Among them, the rising trend of trade protectionism is the most worrying trend of all parties. Recently, IMF President Lagarde reaffirmed the long-term position of the IMF in a speech entitled "The Sword of Trade Protectionism" that trade protectionism would threaten the global economic expansion.

"Trade protectionism is not conducive to a strong recovery of the global economy. Countries should promote the strong, sustainable, balanced and inclusive growth of the world economy as advocated by the G20 summit." Xu Hongcai pointed out that only by expanding openness and cooperation and exerting innovation and technological progress. The role is the key to ensuring the sustainability of world economic growth in the future.

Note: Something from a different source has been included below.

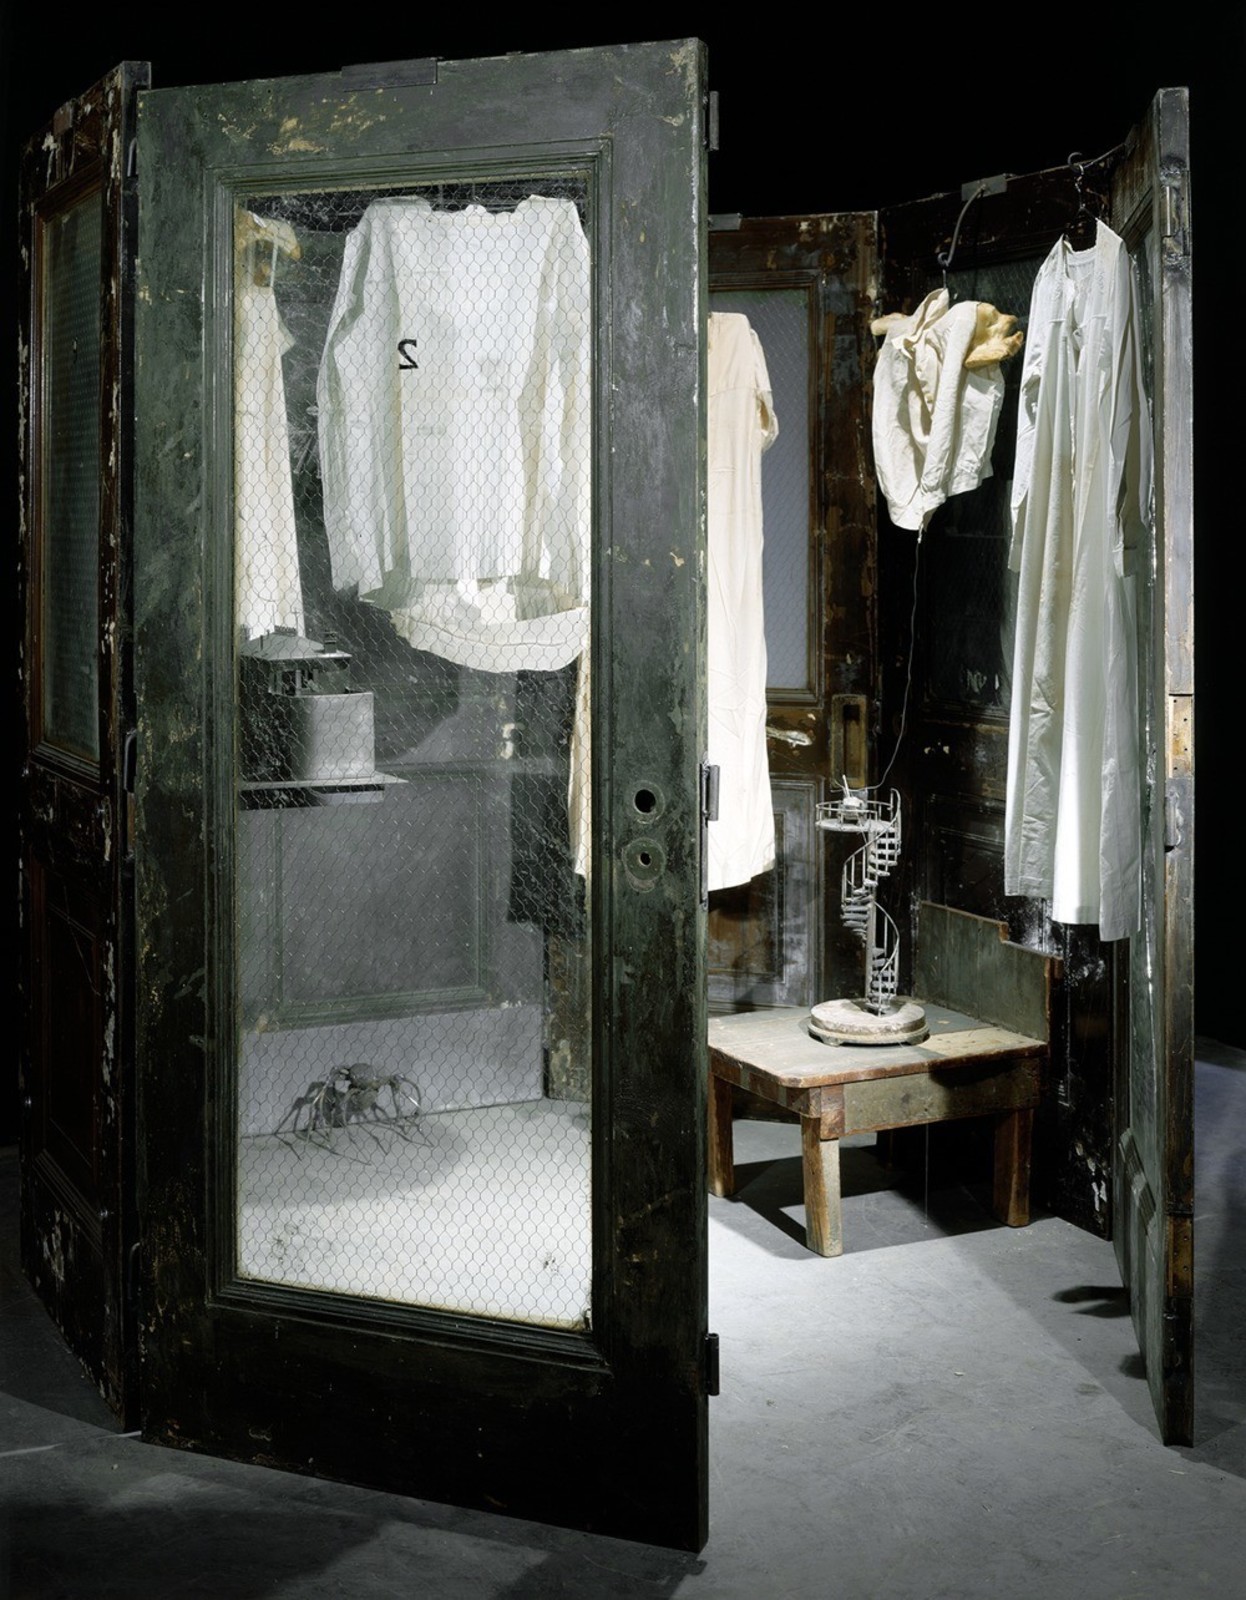 Louise Bourgeois Cell VII, 1998 Metal, glass, fabric, bronze, steel, wood, bones, wax and thread 207 x 221 x 210.8 cm. Private Collection, Courtesy Hauser &amp; Wirth Photo: Christopher Burke, &copy; The Easton Foundation / RAO, Moscow

The US policy direction is also seen as a major problem in the current global economy. IMF chief economist Morris? Obstfeld pointed out that Trump's expansionary fiscal policy may stimulate inflation, causing the Fed to raise interest rates faster than expected, such actions may trigger a sharp appreciation of the dollar, which may impact emerging economies. Japan’s “Financial Finance and Trade” magazine also proposed a similar view, saying that “Trump economics” may have a stimulating effect on the US economy in the short term, but in the long run it is “a lot more bad” and may increase the neighboring countries such as Mexico. And the debt and financial risks of emerging countries.

A few days ago, there was another news from the Federal Reserve that caused the market to shake. The minutes of the March meeting released by the Federal Reserve showed that policymakers plan to start shrinking a huge balance sheet of up to $4.5 trillion by the end of this year.

“Unlike the Fed’s interest rate hike, this income-receiving plan means that the US dollar assets have to be tightened. This is what the world has not experienced in the past. How should national macroeconomic policies adjust to meet new risks? This puts forward the ability of national policy makers to respond. Challenge.” Chen Fengying pointed out that the current US economic policy is not in place is another uncertainty facing the world economy.

Xu Hongcai also believes that in the face of the large spillover effects of macroeconomic policies in developed economies, countries around the world must strengthen coordination of macroeconomic policies and form concerted actions to jointly address challenges and prevent potential risks.

However, the analysis generally believes that the overall moderate growth of the world economy this year, although not comparable to the strong growth before the 2008 financial crisis, generally does not easily "reverse the car." As Chen Fengying said: "The world economy has indeed entered a cyclical expansion, and as long as there are no reversal events, this cycle is difficult to change."